Andhra High Court High Court

Avula Parvathamma And Ors. vs The New India Assurance Co. Ltd., … on 30 January, 1996

Andhra High Court
Avula Parvathamma And Ors. vs The New India Assurance Co. Ltd., … on 30 January, 1996
Equivalent citations: 1996 (2) ALT 11
Author: N S Reddy
Bench: N S Reddy


JUDGMENT

Neelam Sanjiva Reddy, J.

1. These two appeals are directed against the order dated 18-9-1989 of the Motor Accidents Claims Tribunal (District Judge), Mahabubnagar.

2. The facts culminating in these appeals briefly stated are that Avula Krishna Rao, aged about 21 years was working as police constable at Mohammadabad Police Station, Ranga Reddy district and his monthly emoluments were Rs. 807/-. On 6-2-3 986 at about 7.30 a.m., he along with his goods of two bags of rice of 100 kgs., was traveling in the lorry CNG 4151 after paying Rs. 25/- towards transport charges. The lorry met with an accident due to actionable negligence of the driver resulting in multiple injuries to Krishna Rao and his consequent death.

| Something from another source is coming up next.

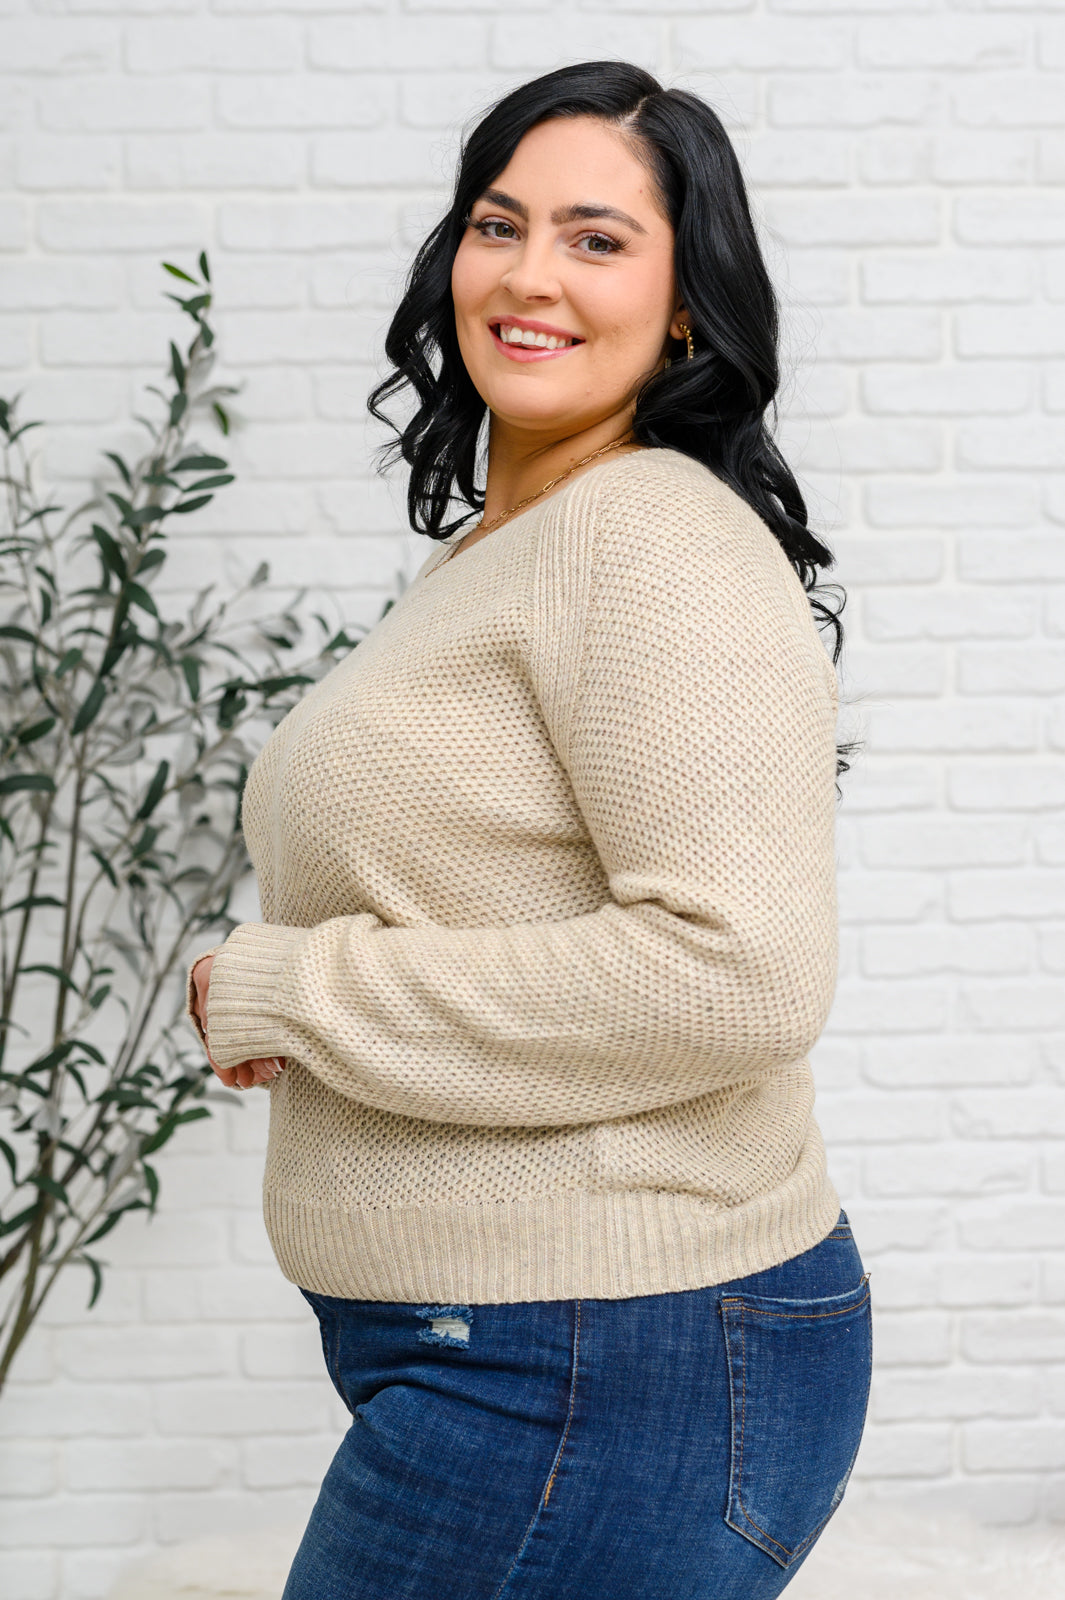 Chai Latte V-Neck Sweater in Oatmeal-Sweaters/Sweatshirts-Inspired by Justeen-Women's Clothing Boutique in Chicago, Illinois
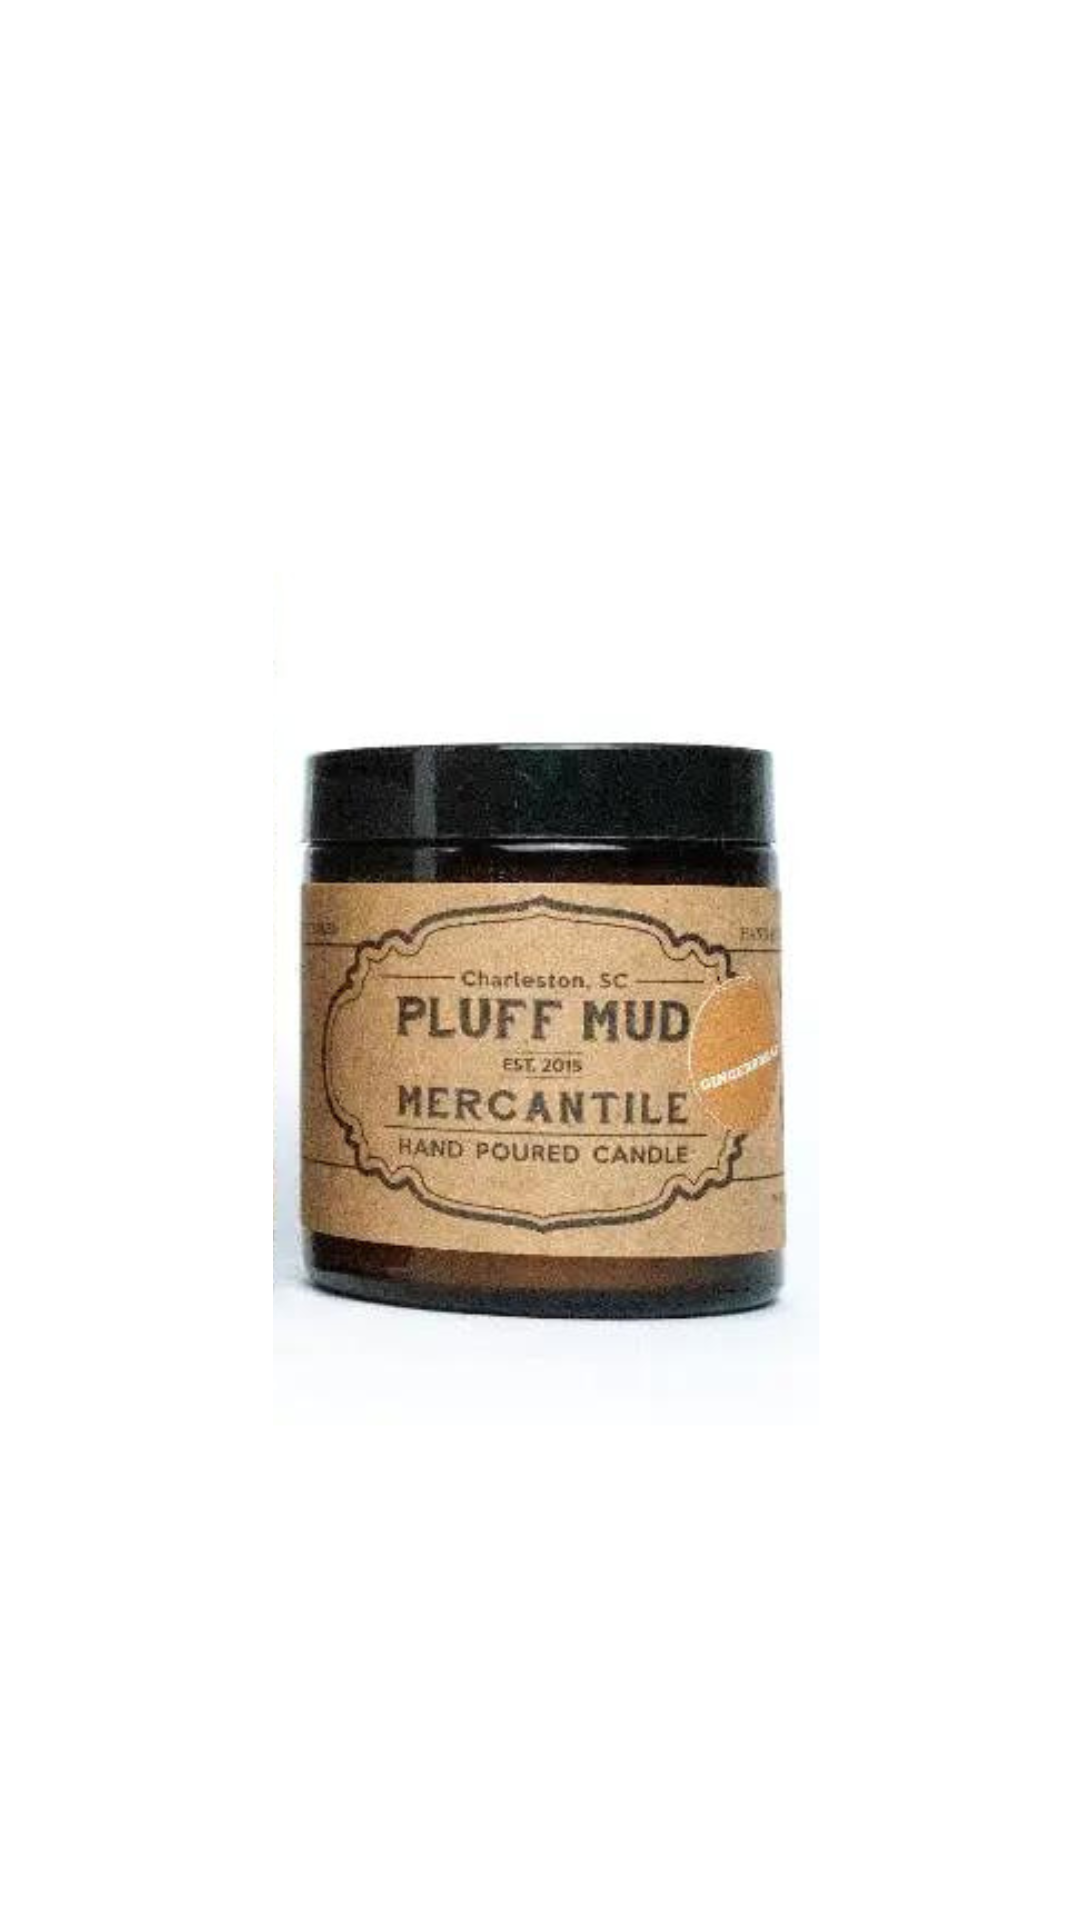 Pluff Mud Hand Poured Soy Candle - Pluff Mud Mercantile

3. The mother and sister of the deceased, aged about 55 years and 19 years respectively filed the above O.P. claiming a total compensation of Rs. 1,00,000/- against the driver-cum-owner and the insurer of the lorry CNG 4151.

4. The Tribunal, after considering the evidence on record, awarded a total compensation of Rs. 36,500/- and apportioned an amount of Rs. 25,000/- to the first petitioner and Rs. 11,500/- to the second petitioner with interest at 12% per annum from the date of petition till payment. The insurer preferred C.M.A. No.87 of 1990 and the claimants filed C.M.A. No. 2016 of 1989.

5. Learned counsel for the insurer submits that the Tribunal erred in awarding compensation as the transport of two bags of rice by the deceased cannot be considered as travelling with his goods. He relied on the decision of this Court in Oriental fire and General Insurance Company Limited v. Bondili Sitharama Singh and Ors., I (1995) ACC 540 (A.P.). Admittedly, the decision relied on by the learned Counsel does not give the quantity of packages that were carried by the deceased therein. On the facts and circumstances of that case, those packages were not considered as goods. But, in the instant case, two bags of rice of about 100 Kgs cannot be said small packages carried by the deceased. I am of the view that two bags of rice of that quantity have to be viewed as goods only and that the deceased was travelling along with his goods. Hence, I do not find any merit in this plea of the insurer-appellant.

6. Learned counsel for the claimants submits that the Tribunal erred in its findings regarding loss of dependency. Learned counsel of both sides admit on the basis of the evidence that the monthly income of the deceased was Rs. 807/- and considering the age of the mother of the deceased, the appropriate multiplier is 4.27 for capitalizing the loss of dependency by taking two-thirds of the annual income of the deceased as multiplicand. Loss of dependency calculated accordingly comes to Rs. 27,560/- as against Rs. 21,000/-awarded by the Tribunal on this count.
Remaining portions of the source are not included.